- **Source information**
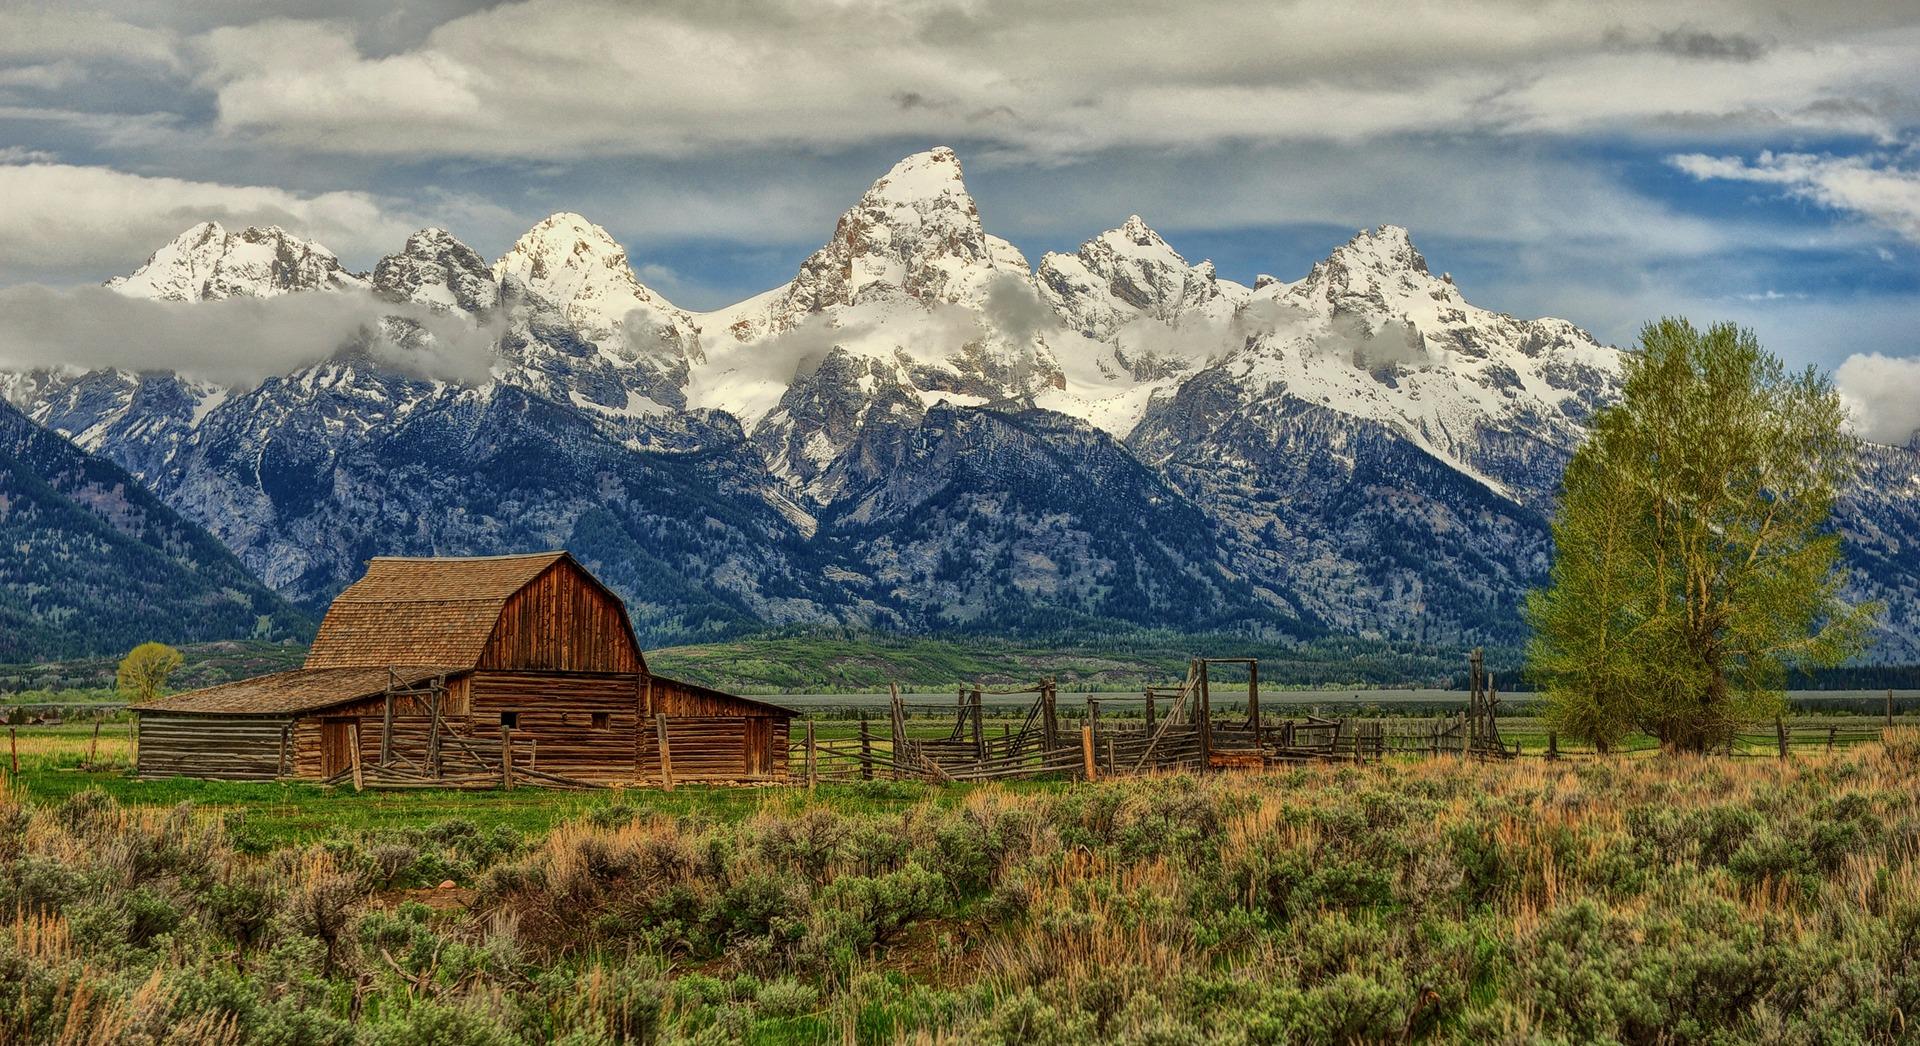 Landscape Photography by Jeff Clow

---

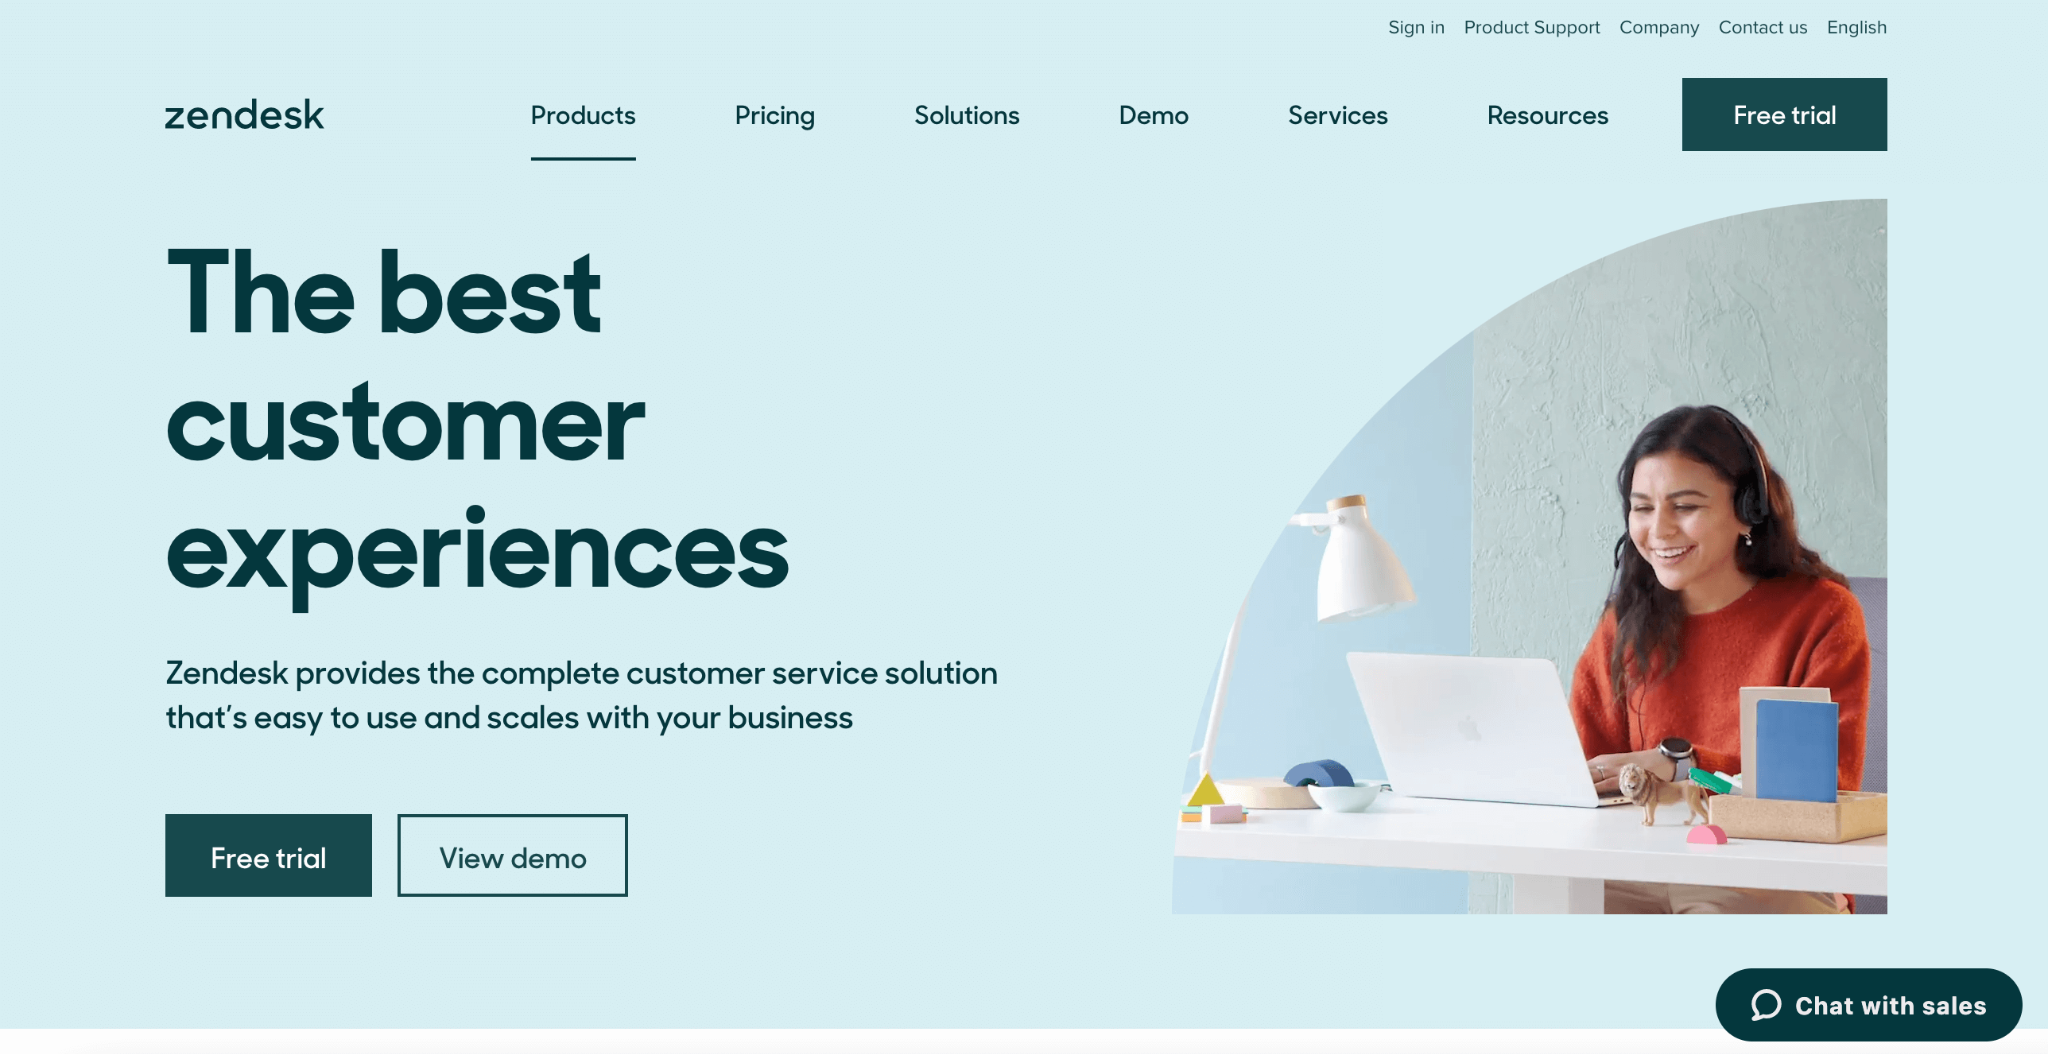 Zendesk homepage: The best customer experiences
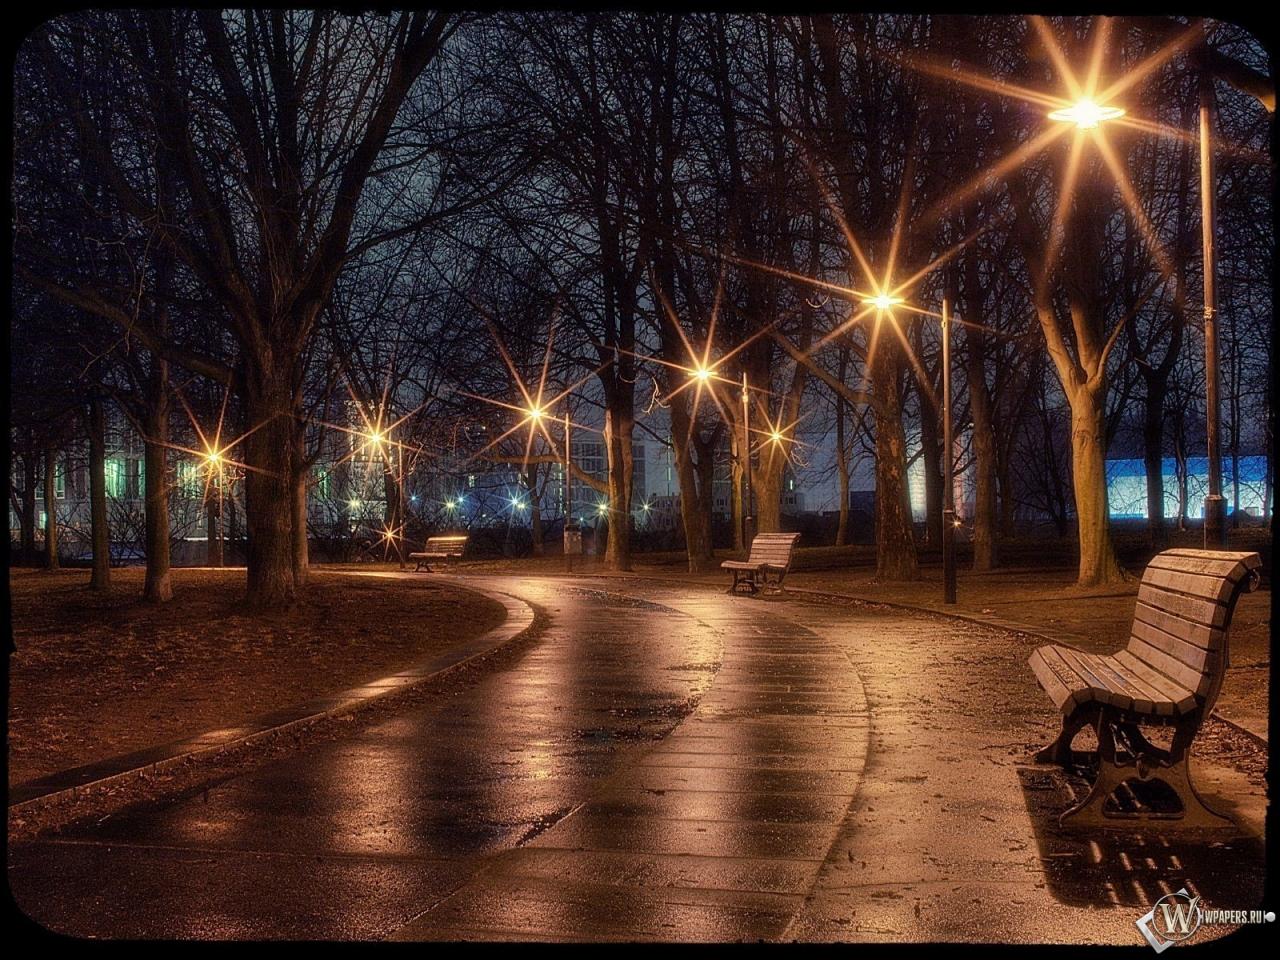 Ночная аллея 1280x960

- **What is required**
Now transcribe the lines above exactly, starting at the line containing "Zendesk homepage: The" and ending at the line containing "Ночная аллея 1280x960", both lines included, pictures excluded.

- **Expected answer**
 Zendesk homepage: The best customer experiences
 Ночная аллея 1280x960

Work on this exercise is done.